Another relevant finding pertains to the socioeconomic level of the present sample. Although no differences were observed in the changes in scores between the baseline and follow-up, the assessed youth were classified as having a medium-low socioeconomic level. This finding aligns with the ICT Kids Online Brazil28 survey, which demonstrated that, to the higher proportion of exclusive use of smartphones in lower socioeconomic classes when compared to higher classes.
However, there is scarcity of longitudinal studies that evaluate the most recent ST data10, which makes comparison with other studies difficult. In the present research, the time spent using the smartphone showed significant increase, especially for girls, corroborating a cohort of Australian adolescents, but the media content that increased the most among girls was the social network16.
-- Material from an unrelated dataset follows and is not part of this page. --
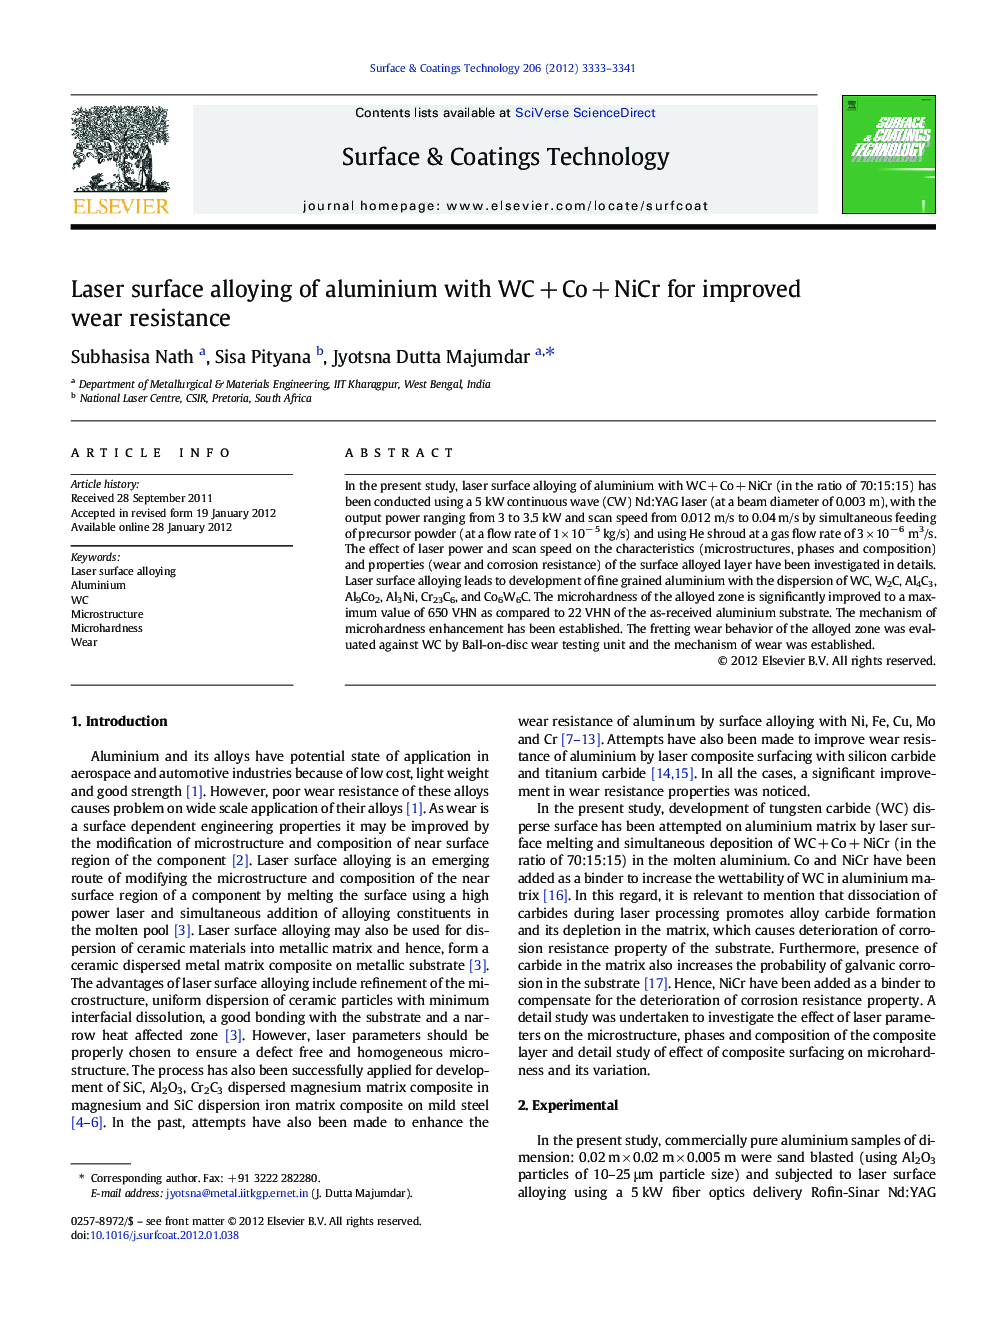 Laser surface alloying of aluminium with WC + Co + NiCr for improved wear resistance

In fact, the presence of screens today has become a worrying factor among government agencies9,29. Recent data have indicated that digital media has potential benefits and risks in mental, cognitive, psychosocial and physical aspects29. In adolescents, there is still no consensus of the effects of different screen types on cognitive health, as well as whether there is adequate time in order to favor the development of this aspect30. In this perspective, studies like this one can help to understand the change pattern of each type of ST and whether these changes have different effects on health outcomes.
The literature presents some theories that explain the negative effects of ST on adolescents, one of them is the hypothesis of time displacement, that is, activities in front of the screen suppress activities considered healthy, such as socializing, reading books and practicing physical activities31. Another finding points out that the type of screen media can contribute to the development of literacy skills, prosocial behaviors and, to a limited extent, may even reduce the risk of depression when compared to individuals without any ST29.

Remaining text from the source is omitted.